Re: [Simh] clang (was Re: XCode and LTO)

2012-04-28 Thread Peter Svensson
On Sat, 28 Apr 2012, Sergey Oboguev wrote:

> Like with all busy-wait loops intended to implement short delays, loop is 
> initially calibrated against a real time source, then a required number of 
> iterations is used to execute actual delay.
> You can find more details in SIMH source code.

Hi,

I feel I may not have been clear enoungh. How does the simulated CPU know 
the wall time of the host?
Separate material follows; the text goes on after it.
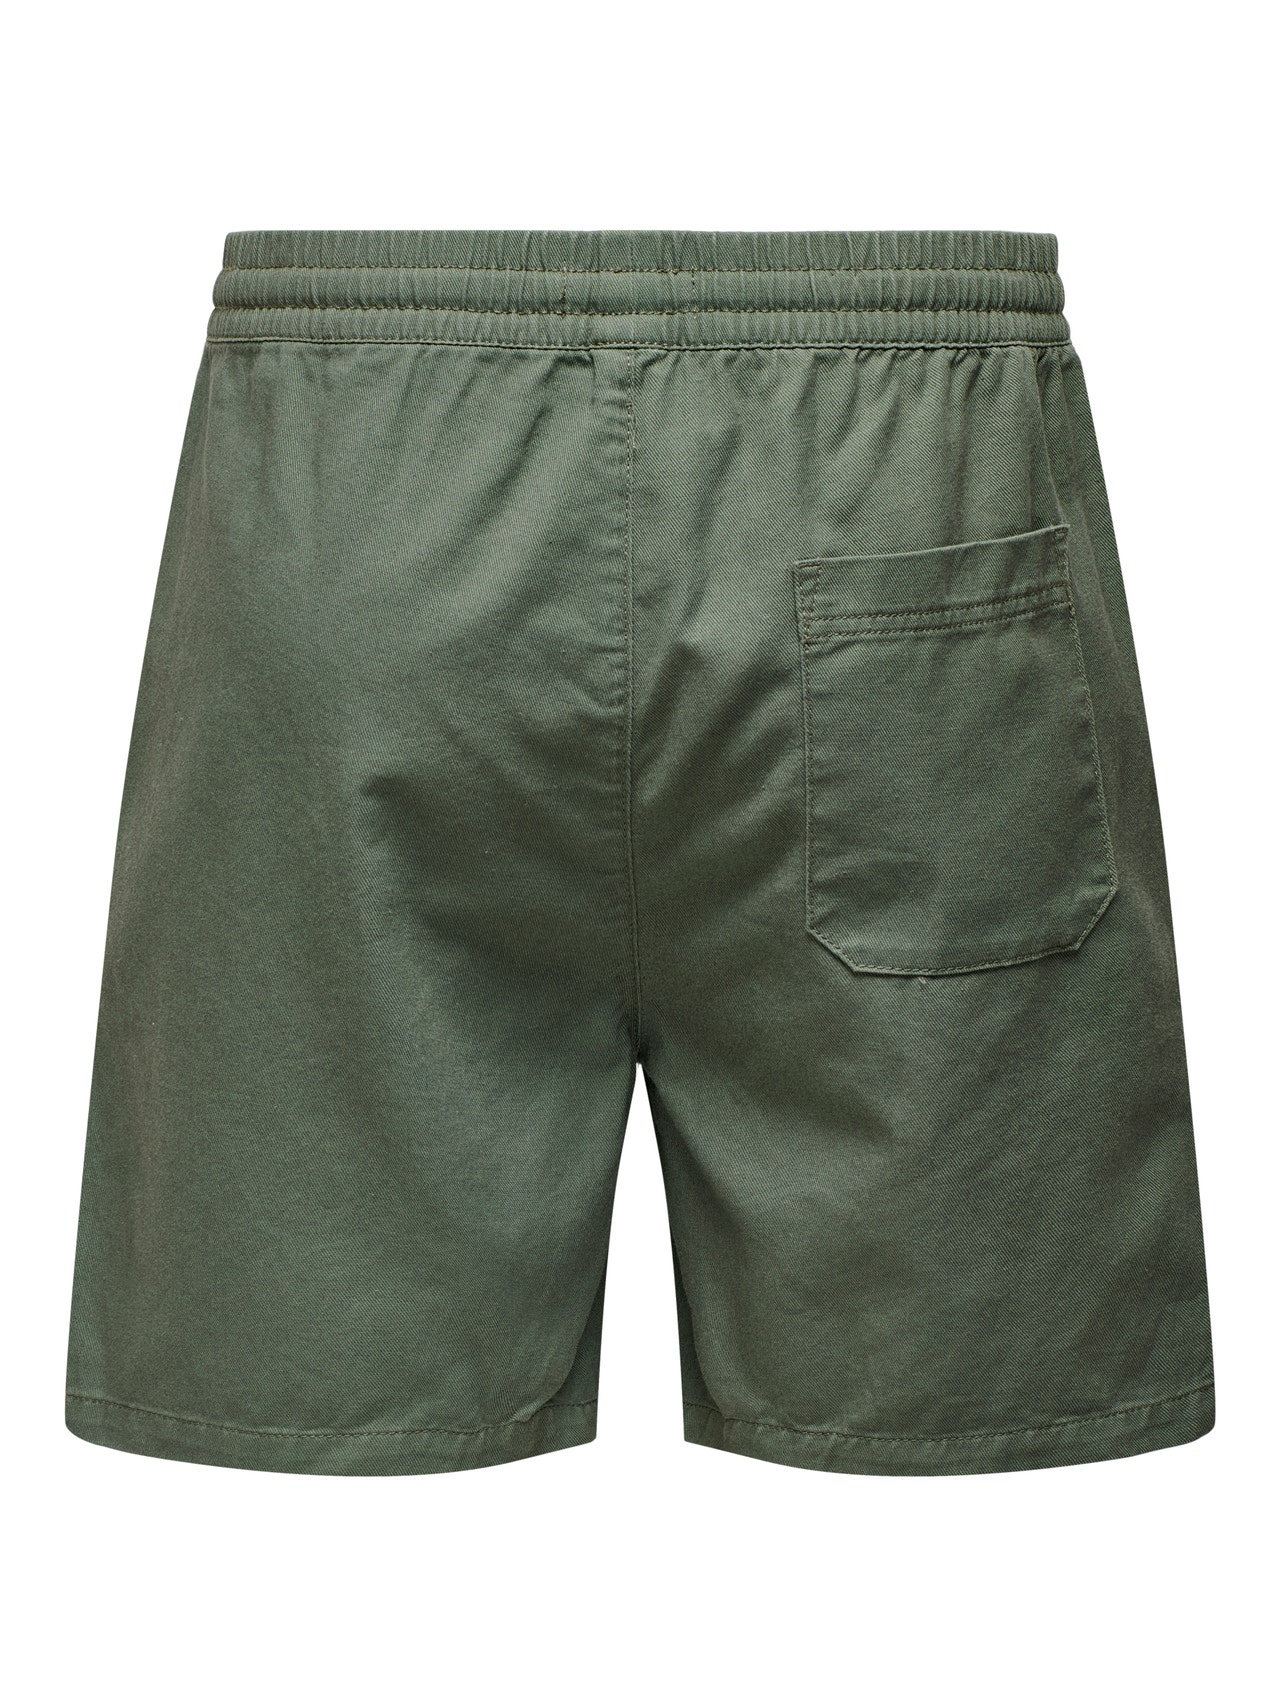 ONLY & SONS Regular Fit Mid rise Shorts -Laurel Wreath - 22025790

Is it able to read the host wall time via some 
emulated io space?

Relying on any operation in native C being implemented in any partcular 
way is prone to breakage, eventually.

Since the time in the rom is expected to be short, why not just spin 
waiting for gettimeofday to change?

Peter
___
Simh mailing list
Simh@trailing-edge.com
http://mailman.trailing-edge.com/mailman/listinfo/simh


Re: [Simh] clang (was Re: XCode and LTO)

2012-04-28 Thread Sergey Oboguev
> From: Michael Bloom 

> nanosleep() would give you the exact timing needed.  I'm very much against 
>polling the time as a solution because it could use up a lot of CPU cycles 
>that 
>other processes would love to have.  
>
> "spinning" when there are ways that are more accurate (not to mention 
>friendlier to other processes who'd like some CPU time) to simulate timing,  
>is 
>not the best choice, in my opinion.


Hi Michael,

First off, the whole issue was about the code that gets executed only when 
console ROM is active.
Once the bootstrap is started, it is irrelevant.

Second, on most platforms you are lucky to get sleep interval with granularity 
around 1 ms.
Never mind 100 us, let alone 1 us.
Having system call that takes its argument in nanosecond or femtosecond  units 
does not mean host OS timer events are actually processed at this resolution.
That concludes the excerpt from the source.